Un robot cirujano.

Por primera vez en la historia de la medicina se ha podido operar una hernia animal con la ayuda de un robot, diseñado por el Departamento de Ingeniería de Sistemas y Automática de la Universidad de Málaga y por los ingenieros en robótica Víctor F. Muñoz Martínez, Jesús Gómez de Gabriel y Jesús Fernández Lozano.

Esta intervención ha tenido por objeto lograr una perfecta sincronización entre el cirujano y su ayudante a la hora de operar, permitiéndoles utilizar las herramientas necesarias para la operación sin necesidad de tener que mantener con la otra mano la llamada cámara laparoscópica imprescindible en este tipo de operaciones.

El equipo quirúrgico del Dr. Carlos Vara, Catedrático de Cirugía de la Facultad de Medicina de la Universidad de Málaga y jefe de cirugía del Hospital Clínico Universitario de Málaga, ha sido pionero en llevar a cabo esta operación cuyos resultados han sido plenamente satisfactorios.

Movido por el sonido

El sistema robótico se encarga de realizar el movimiento del laparoscopio siguiendo las órdenes verbales del cirujano. Éstas constituyen un conjunto de seis órdenes básicas (derecha, izquierda, arriba, abajo, dentro y fuera) que permiten situar el extremo de la óptica en una posición determinada del interior del abdomen. El sistema consta de un robot manipulador que porta un dispositivo especial para sostener el conjunto cámara-óptica. Por último la cámara va conectada a un computador que se encarga de realizar el reconocimiento de las órdenes verbales y transmitirlas al robot para que ejecute la secuencia de movimientos adecuada en vistas a posicionar el laparoscopio.

El auge de la cirujía minimalista

La cirujía minimalista tiene campo abonado en el mundo de las intervenciones mediante técnicas laparoscópicas.
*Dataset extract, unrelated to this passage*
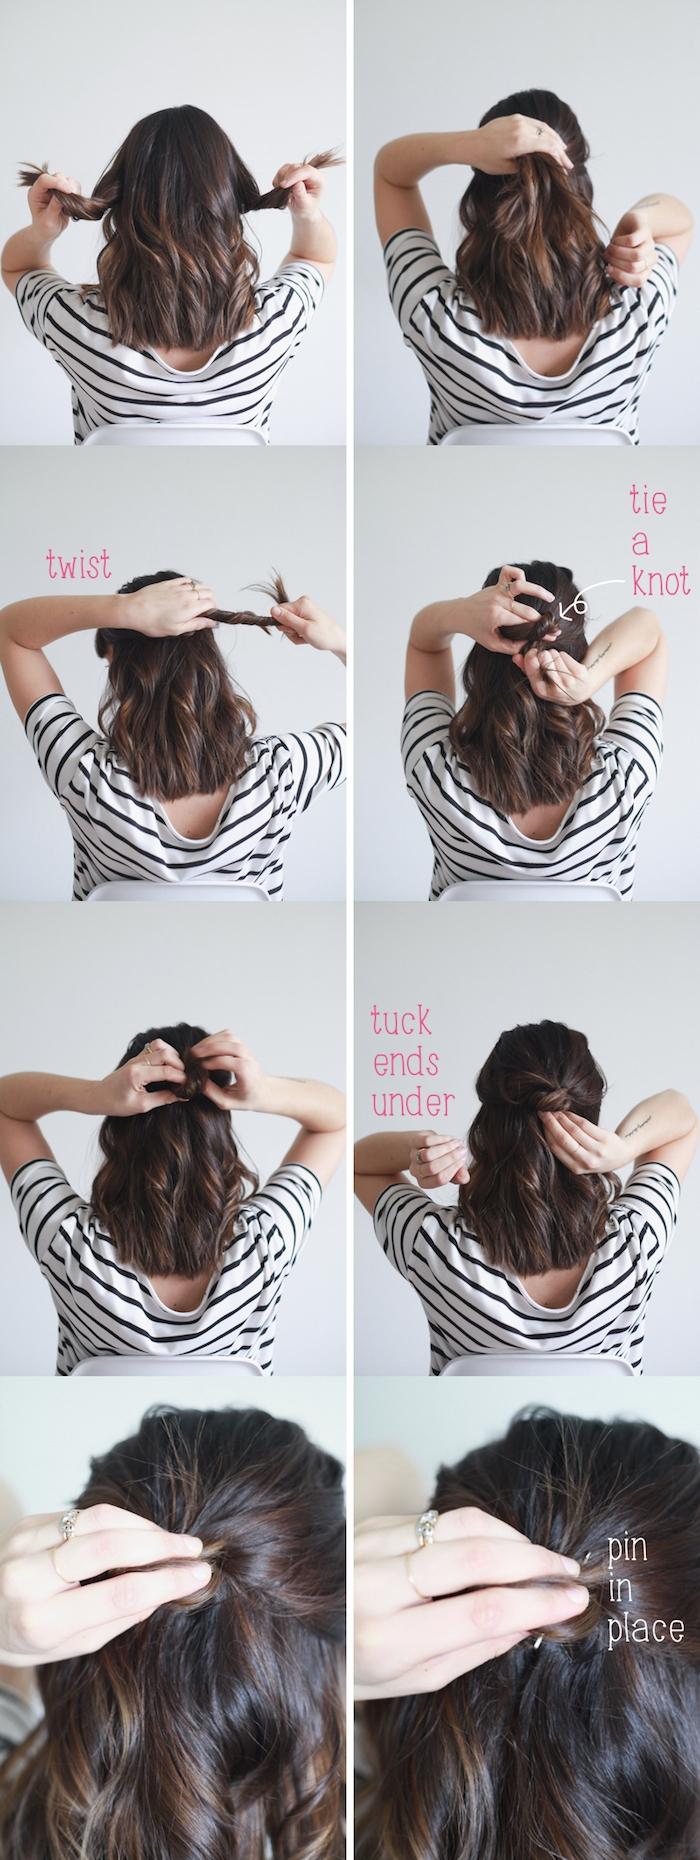 tutoriel pour faire une coiffure facile cheveux mi long, mèches de devant ramenées en arrière et attachées avec une barrette, idée de coiffure de noël

Gracias a ellas el cirujano puede reducir de forma considerable el tamaño de las heridas de la piel, necesarias para acceder a los órganos objeto de la operación.

Según Víctor F. Muñoz Martínez, uno de los ingenieros implicados en este proyecto enmarcado en el campo de la cirujía minimalista, “con este robot se ha pretendido realizar un “manos libres” para el cirujano, es decir, un sistema robótico que sea capaz de obedecer las órdenes habladas del cirujano para que sitúe la cámara donde este último desee. Así, los beneficios directos sobre el uso de este sistema serían entre otros una perfecta sincronización de los elementos empleados durante la intervención, una mayor estabilidad de la imagen, y una lógica disminución de la fatiga y preocupación del cirujano durante la intervención, con su consecuente mayor poder de concentración y seguridad de movimientos”.

“Además- añade Muñoz Martínez- en caso de corte eléctrico, el robot memoriza su última posición y queda totalmente parado hasta que se reanude el suministro y continúe por donde se había quedado. Todo esto se traduce en intervenciones más seguras y cortas, en las que el cansancio dejará de ser un obstáculo para el cirujano.”